Big Data

At the moment, data loaded in primary memory are of the order of gigabytes (\(10^9\) bytes), data stored on secondary memory are of the order of terabytes (\(10^{12}\) bytes), while data beyond this order (from petabytes, \(10^{15}\) bytes, and above) are considered big data.

Small data first

This course proudly focuses on small, in-memory datasets. This is the right place to start because you can’t tackle big data unless you have experience with small data.

If your data is bigger, carefully consider if your big data problem might actually be a small data problem in disguise. While the complete data might be big, often the data needed to answer a specific question is small. You might be able to find a subset, subsample, or summary that fits in memory and still allows you to answer the question that you’re interested in. The challenge here is finding the right small data, which often requires a lot of iteration.

Another possibility is that your big data problem is actually a large number of small data problems. Each individual problem might fit in memory, but you have millions of them. For example, you might want to fit a model to each person in your dataset. That would be trivial if you had just 10 or 100 people, but instead you have a million. Fortunately each problem is independent of the others (a setup that is sometimes called embarrassingly parallel), so you just need a system (like Spark) that allows you to send different datasets to different computers for processing. Once you have figured out how to answer the question for a single subset using the tools on small data, you learn new tools to solve it for the full dataset.

Big data

Data have become a torrent flowing into every area of the global economy. We can identify four land-marking sources of this torrent:

the birth of the World Wide Web in 1989. Tim Berners-Lee proposes the HyperText Markup Language (HTML) with the motivation to keep track of experimental data at the European Organization for Nuclear Research (CERN).
The arrival of an array of social networks such as Facebook, launched in 2004, and Twitter, founded in 2006.
The advent of smartphones, started with the first-generation iPhone released in 2007.
The forthcoming materialization of Internet of Things: millions of networked sensors are being embedded in the physical world in devices such as mobile phones, smart energy meters, automobiles, and industrial machines that sense, create, and communicate data.

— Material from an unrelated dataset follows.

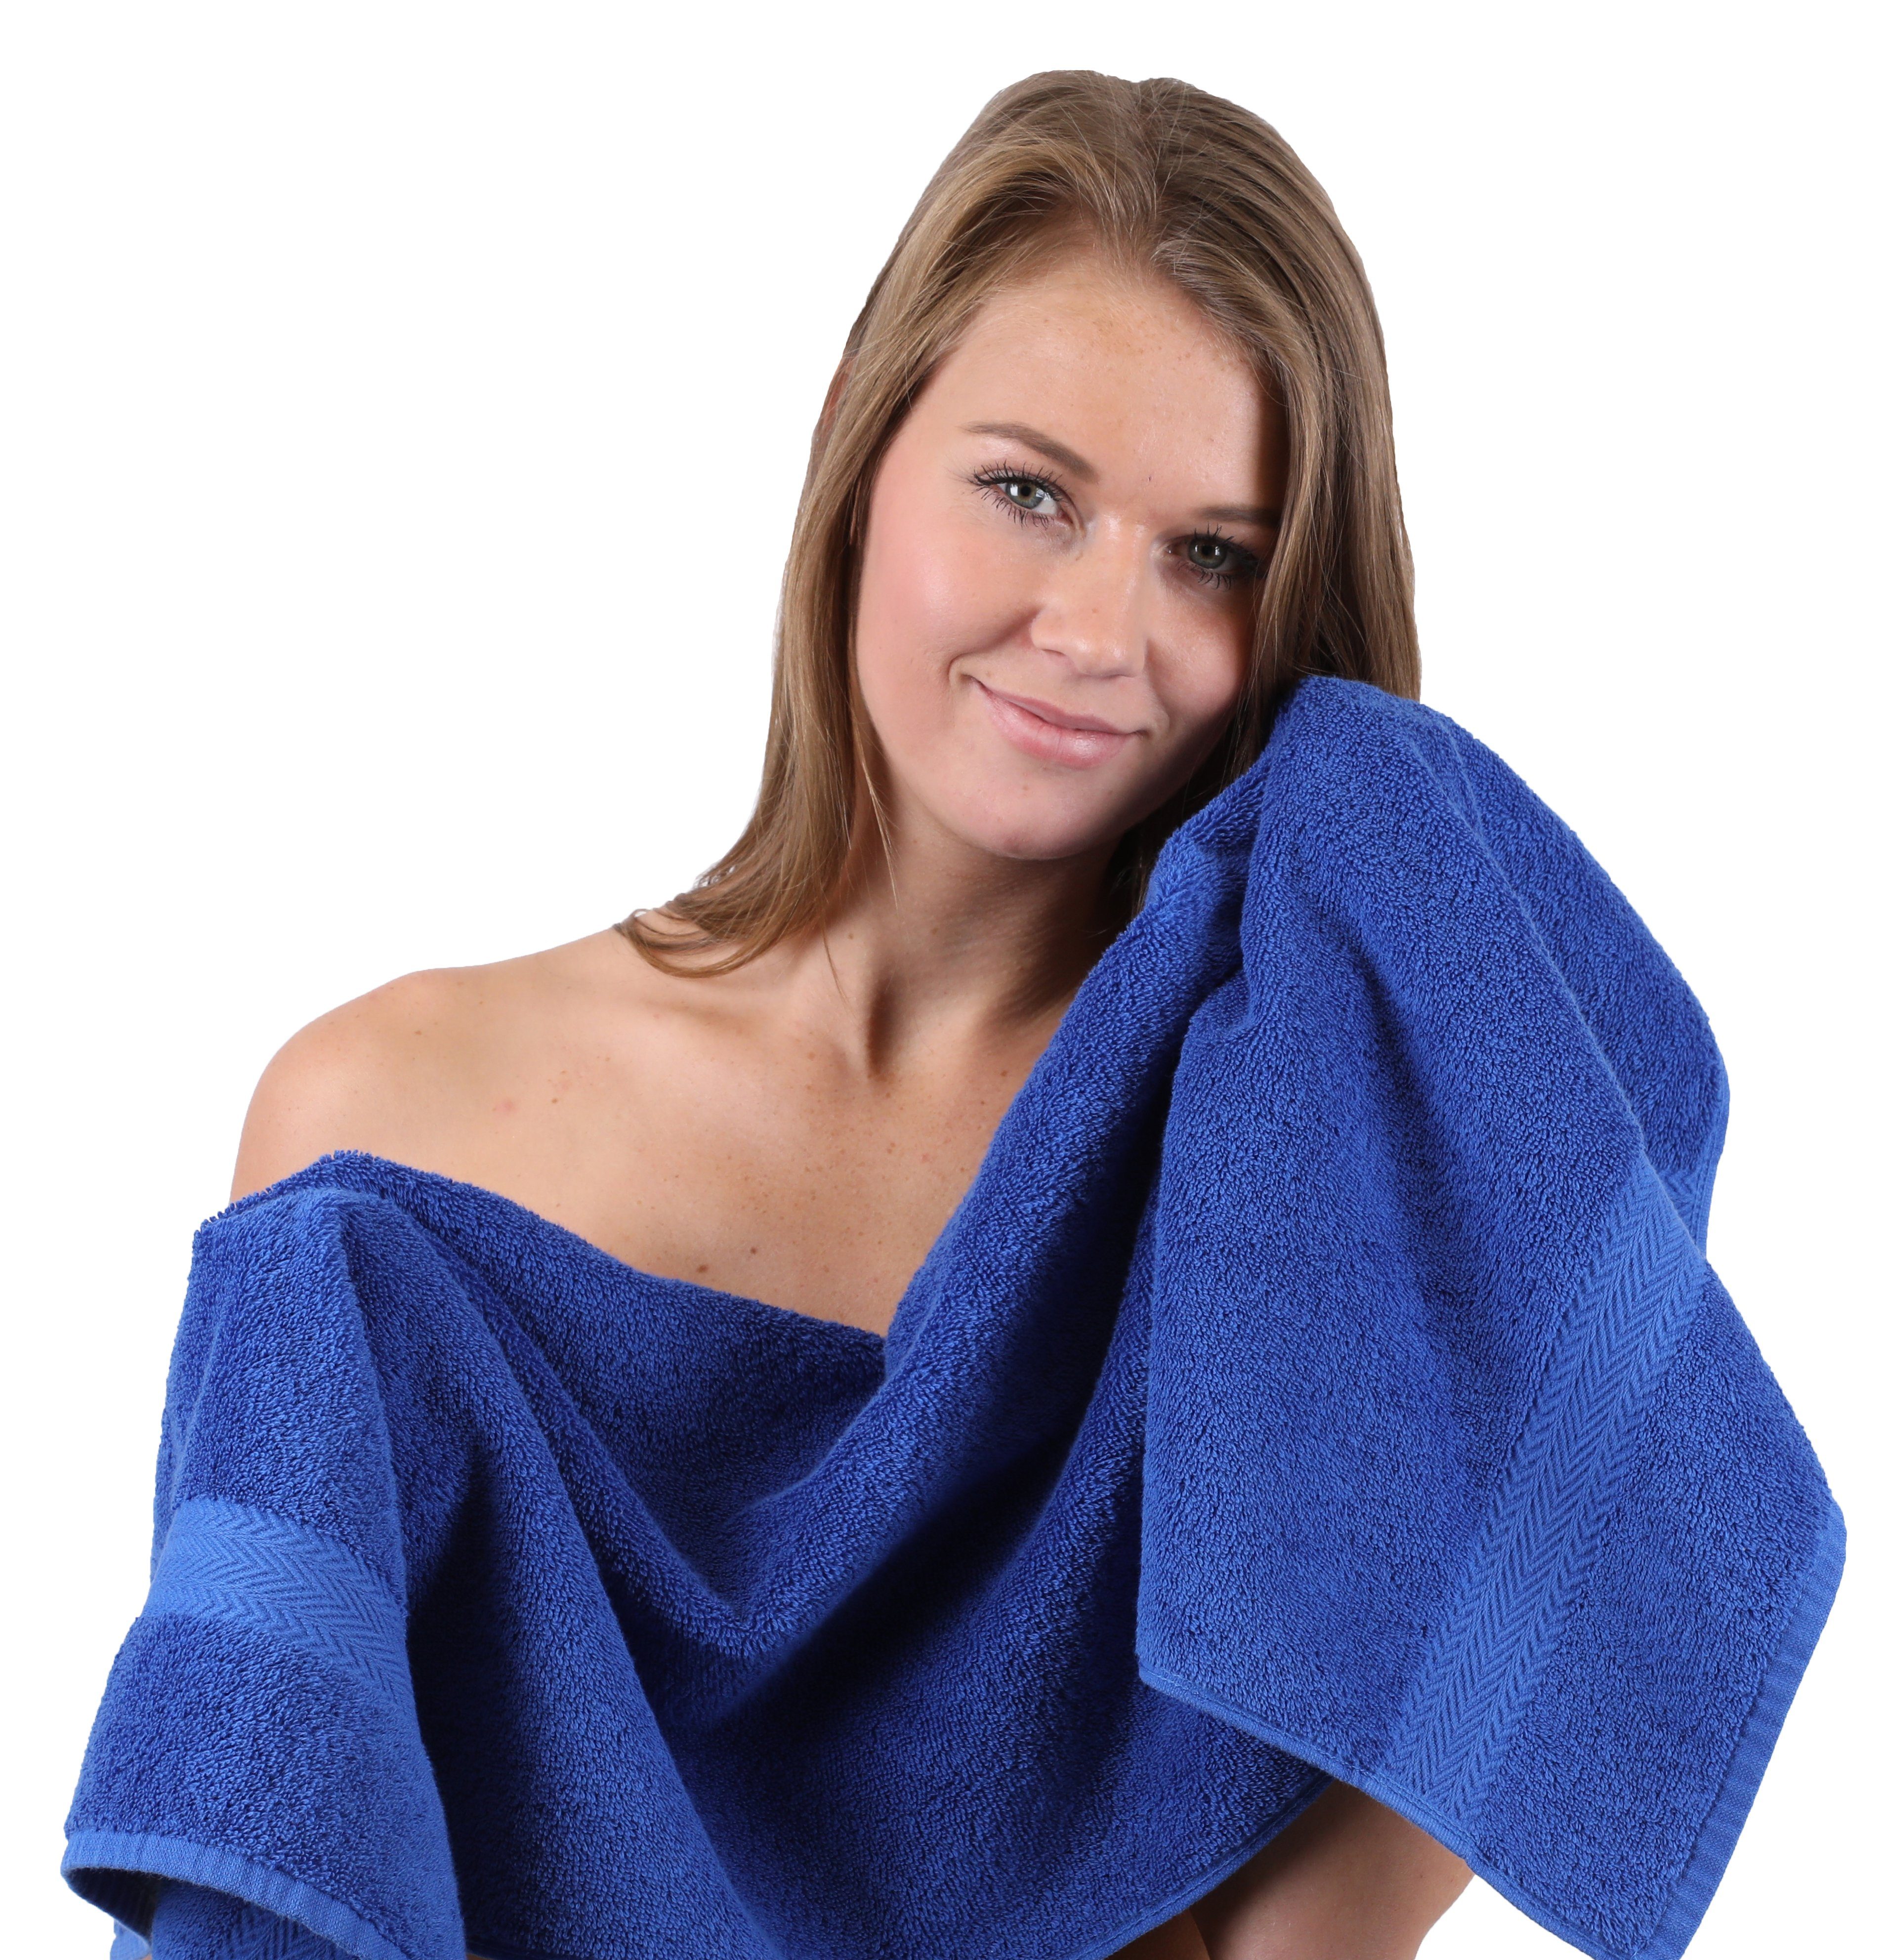 Betz Handtuch Set 10-TLG. Handtuch-Set Hellblau, Royalblau 100% Baumwolle, & Farbe (10-tlg) Premium

Big data has now reached every sector in the global economy:

Like other essential factors of production such as hard assets and human capital, much of modern economic activity simply couldn’t take place without data.
The effective use of big data has the potential to transform economies, delivering a new wave of productivity growth and consumer surplus.
There is strong evidence that big data can play a significant economic role to the benefit not only of private commerce but also of national economies and their citizens.

For instance, according to McKinsey report on big data cited above:

If US health care could use big data creatively and effectively to drive efficiency and quality, we estimate that the potential value from data in the sector could be more than 300 billion dollars in value every year, two-thirds of which would be in the form of reducing national health care expenditures by about 8 percent.
In the developed economies of Europe, government administration could save more than 100 billion euros in operational efficiency improvements alone by using big data. This estimate does not include big data levers that could reduce fraud, errors, and tax gaps.
In the private sector a retailer using big data to the full has the potential to increase its operating margin by more than 60 percent.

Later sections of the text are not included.